Still, as satisfying as it may appear to reject the most powerful, glamorous place in the world (before it rejects you), it can also feel like a cataclysmic decision. After all, in the collective imagination of people from a certain class background and/or a certain educational level, New York is where you're supposed to make it. If you grow up thinking that New York is what you work for, to leave is almost to admit that you have stopped dreaming. It seems like an admission of failure. But actually, as both Daum and Saroyan show, like any other major life decision, it's quite brave. What's unsettling about "Girl Walks Into a Bar" is that you're left feeling as if Saroyan's fantasy haunts her. She's still not quite comfortable with her real life.

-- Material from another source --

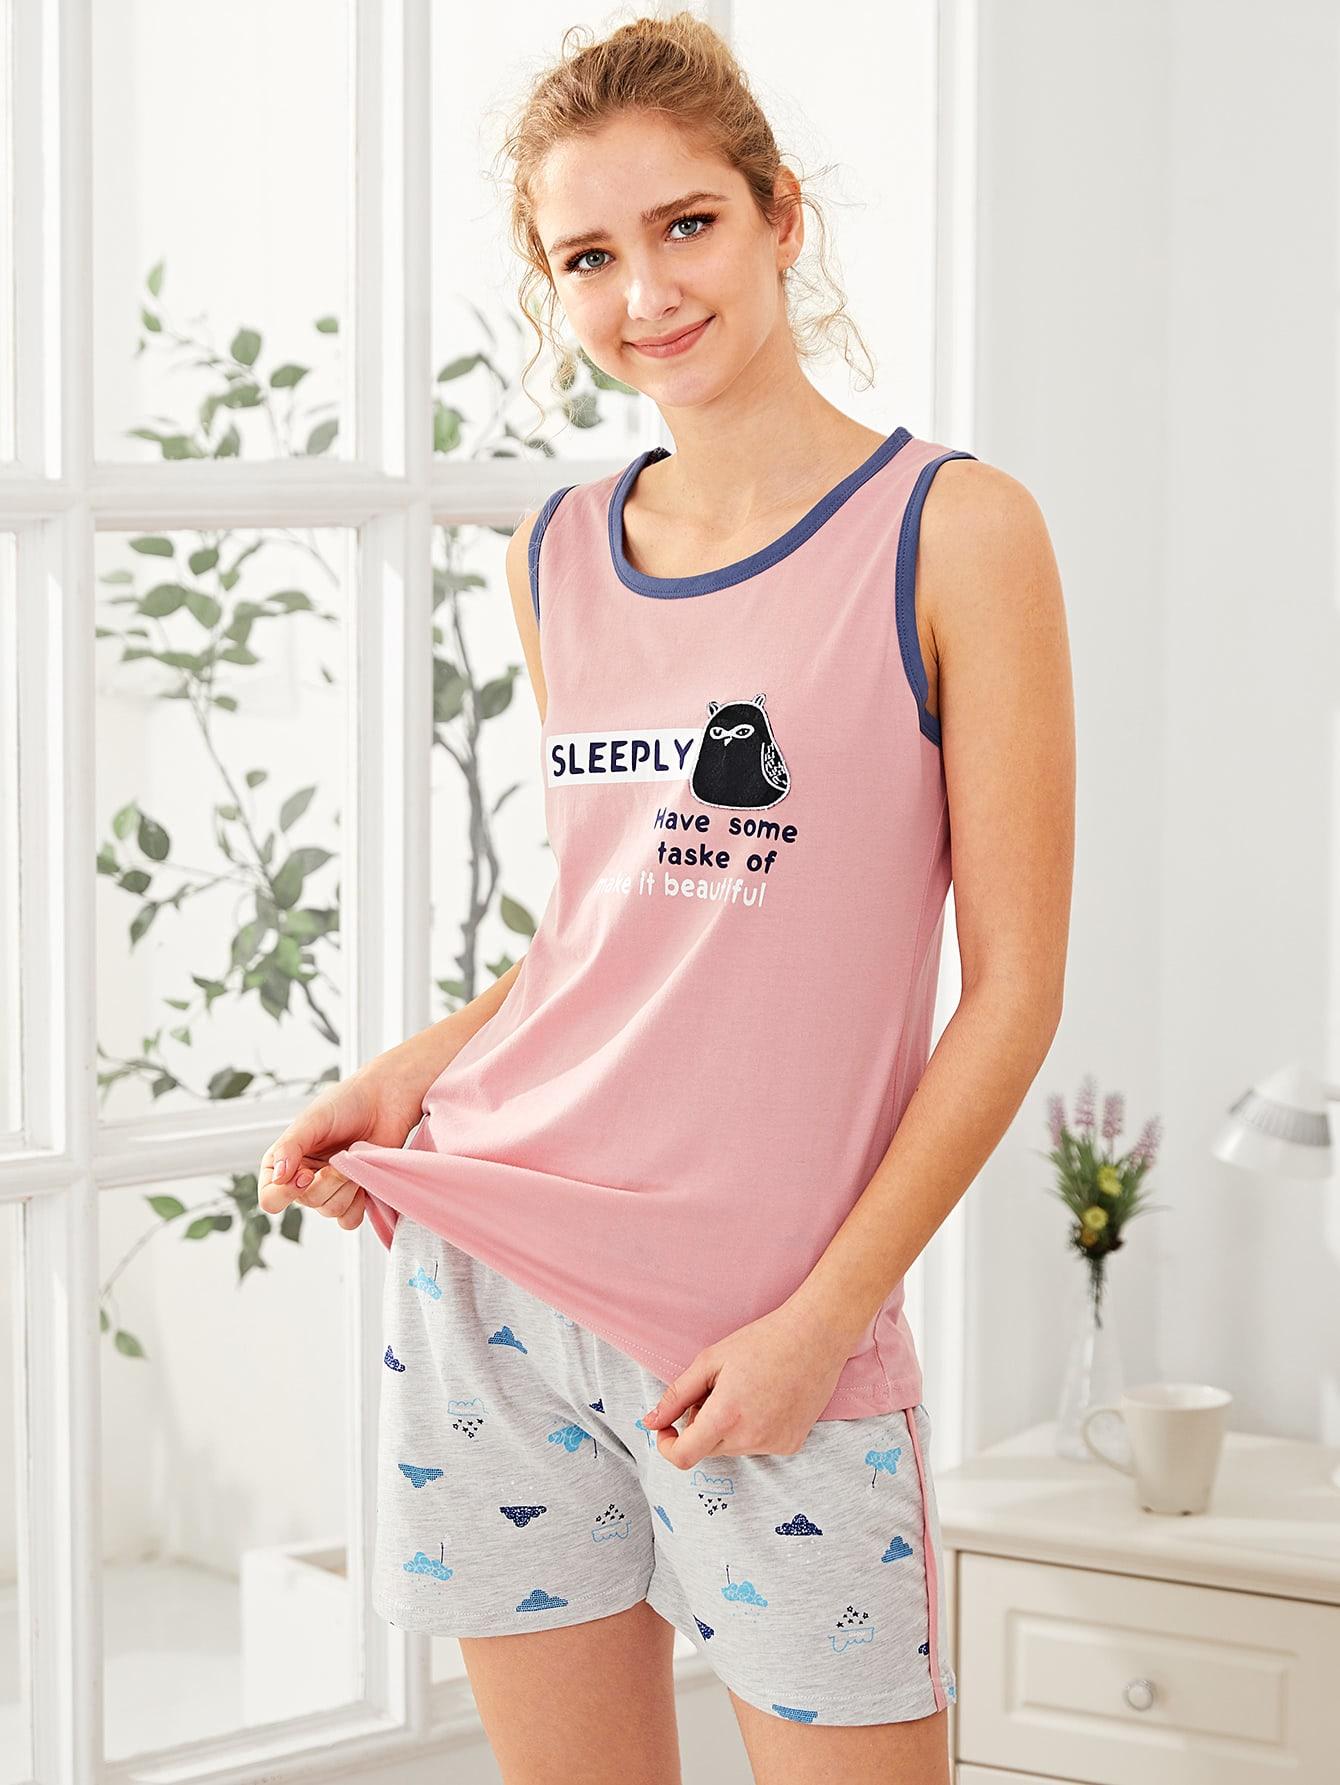 Cartoon Patch Tank Top & Shorts PJ Set rolled up sleeve top and leopard print shorts pj set
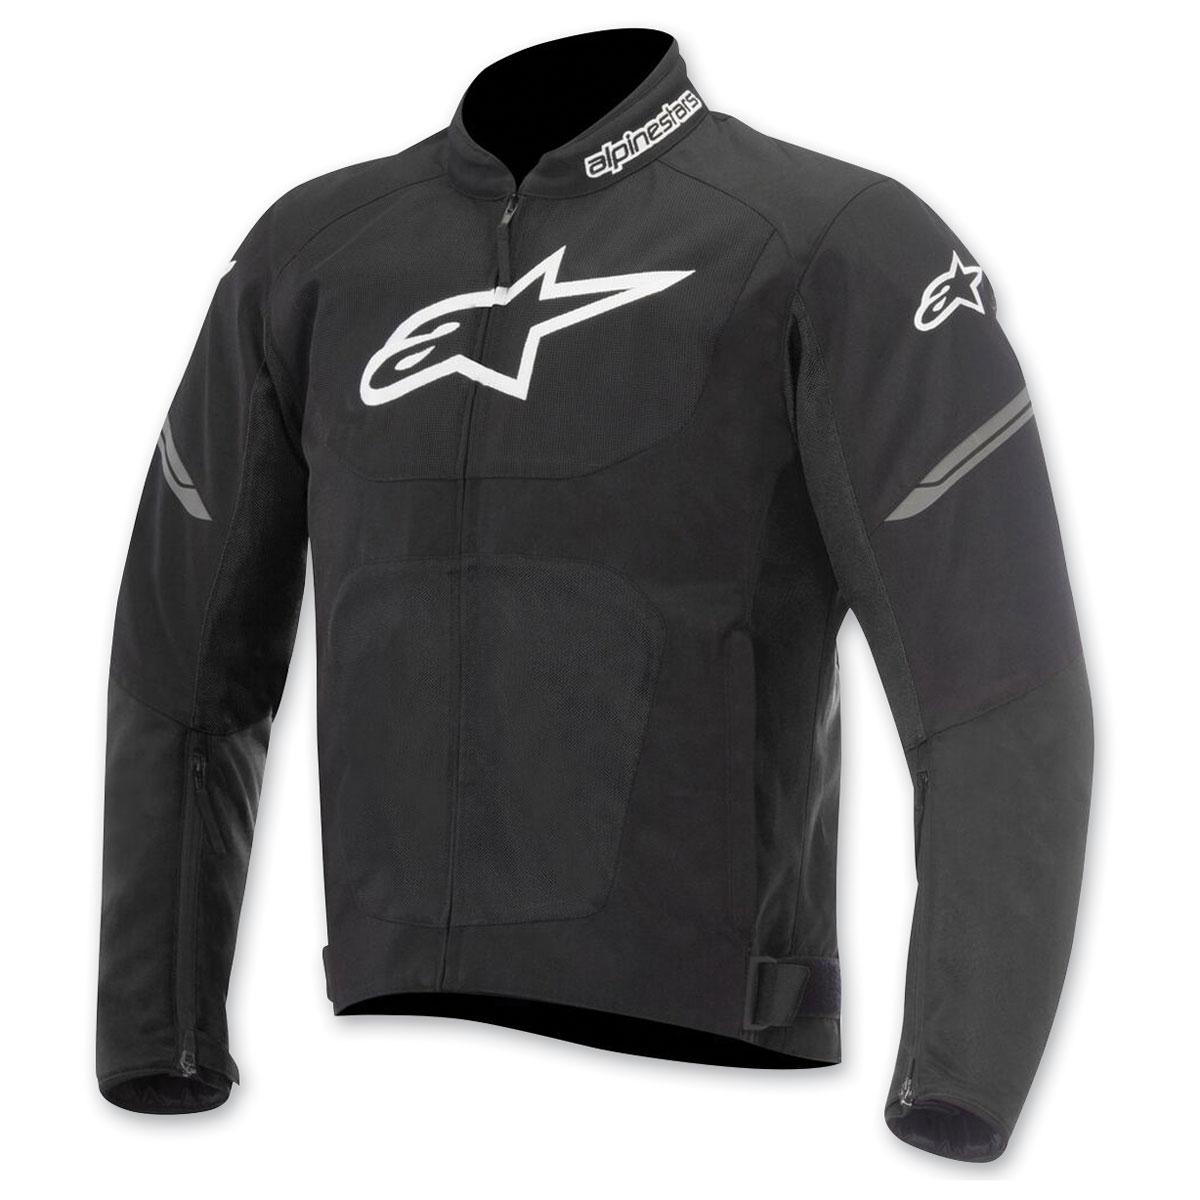 Alpinestars Men's Viper Air Black Textile Jacket

In "Goodbye to All That," Didion writes, "It is less often said that New York is also, at least for those of us who came there from somewhere else, a city for only the very young." But sometimes I wish that I'd faced New York when I was at least 30. New York doesn't seem so scary to the well-adjusted and professionally secure 30- and 40- and 50-somethings I know. They run marathons, have babies, go to the movies alone. They go to fancy parties once in a while, but most nights, they're at home, reading or writing or playing with the kids or just watching an old movie with some takeout Chinese. A friend once said to me that she didn't feel happy in New York until she could stay home on Friday nights and watch videos without getting that unsettling itchy feeling that she should be doing something else. I wonder: If Saroyan had just stuck it out for a little longer, would she have realized that, among many other things, New York is a great place to watch TV?


By Suzy Hansen

Suzy Hansen, a former editor at Salon, is an editor at the New York Observer.